Please give back the lines from the line containing "Buy the Android" through the end of the listing below, exactly as written and without pictures.

▶ Available data:
-- Opening Marker --

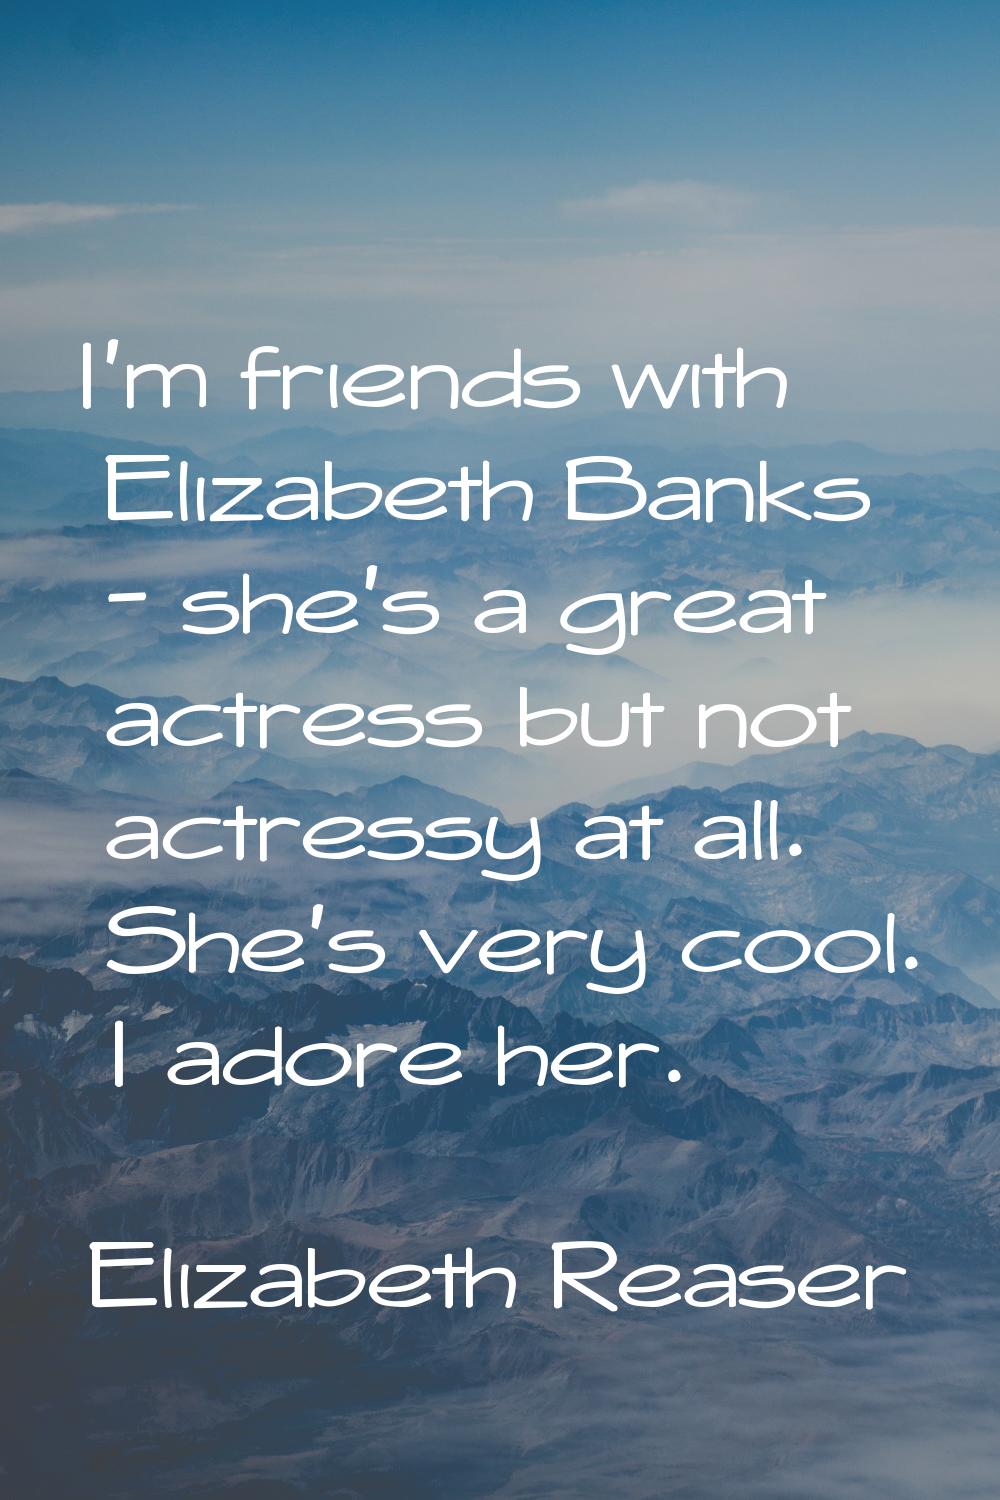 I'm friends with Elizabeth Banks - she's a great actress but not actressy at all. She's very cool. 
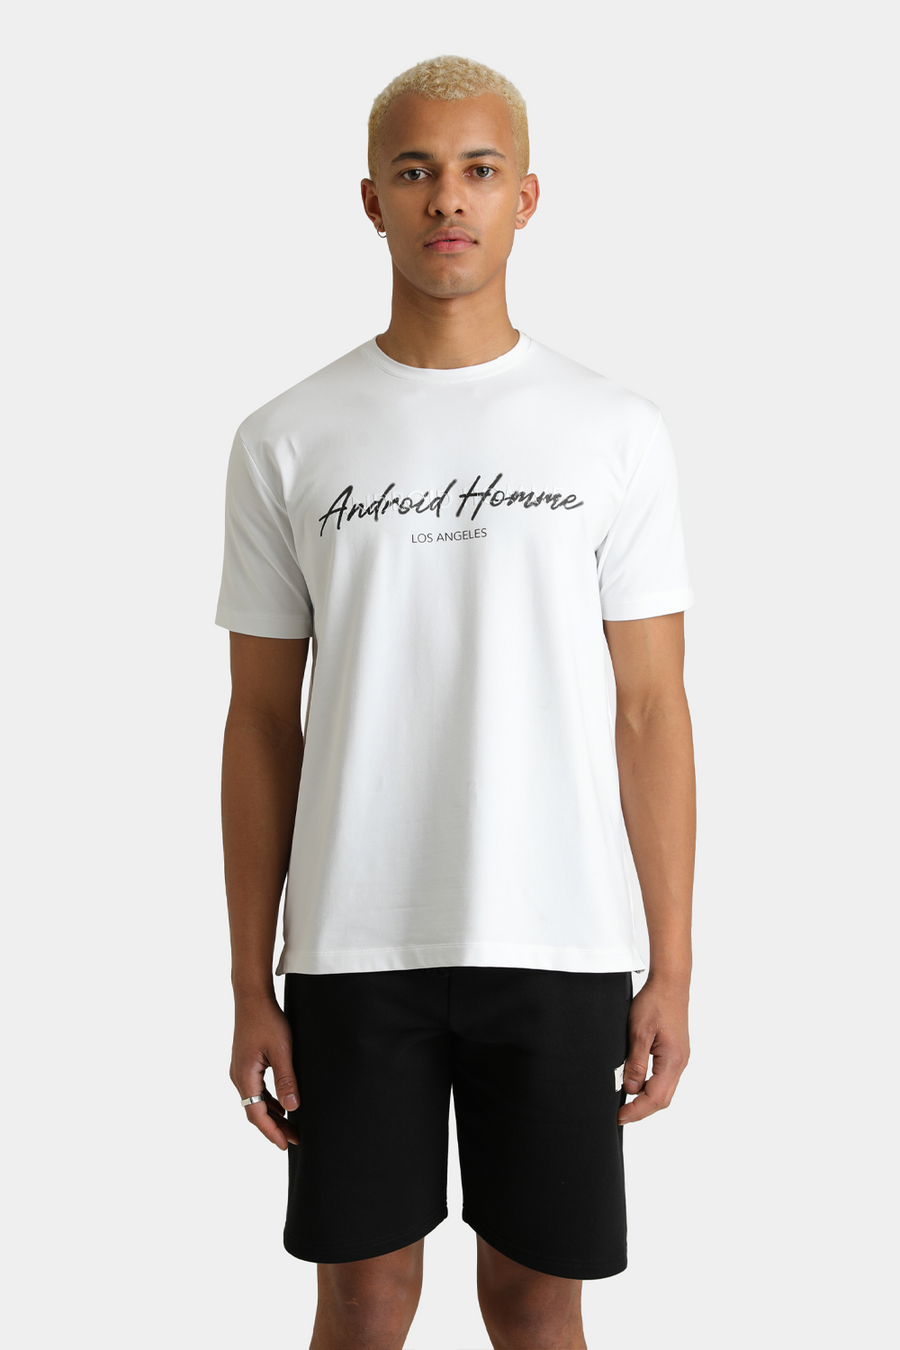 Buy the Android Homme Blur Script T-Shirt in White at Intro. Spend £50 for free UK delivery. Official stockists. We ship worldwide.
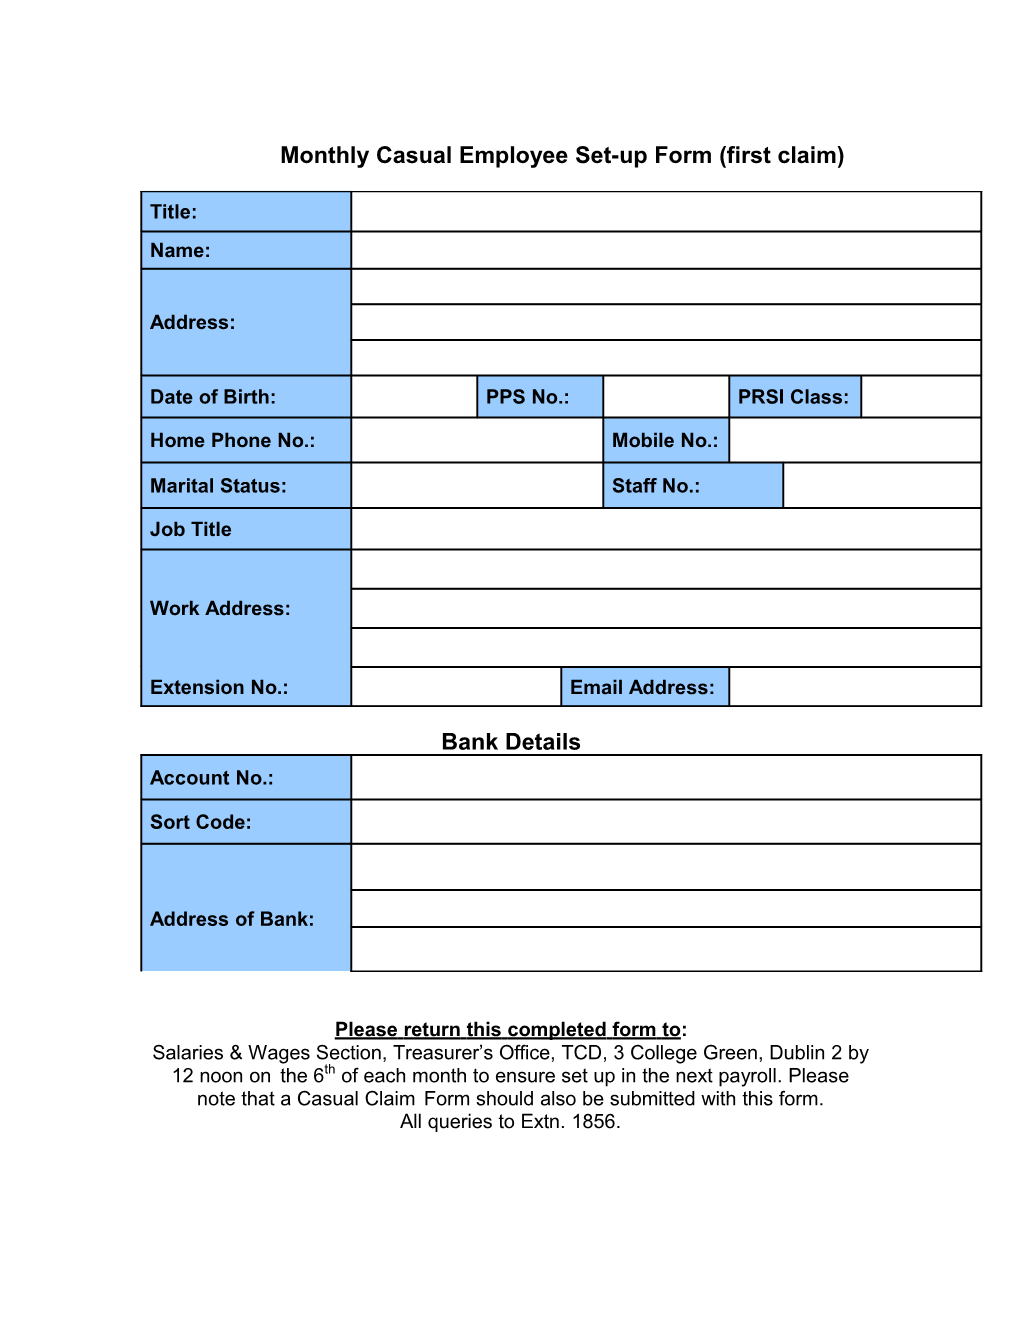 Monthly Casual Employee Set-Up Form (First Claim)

-- Closing Marker --

▶ Output below:
 Buy the Android Homme Blur Script T-Shirt in White at Intro. Spend £50 for free UK delivery. Official stockists. We ship worldwide.
 Monthly Casual Employee Set-Up Form (First Claim)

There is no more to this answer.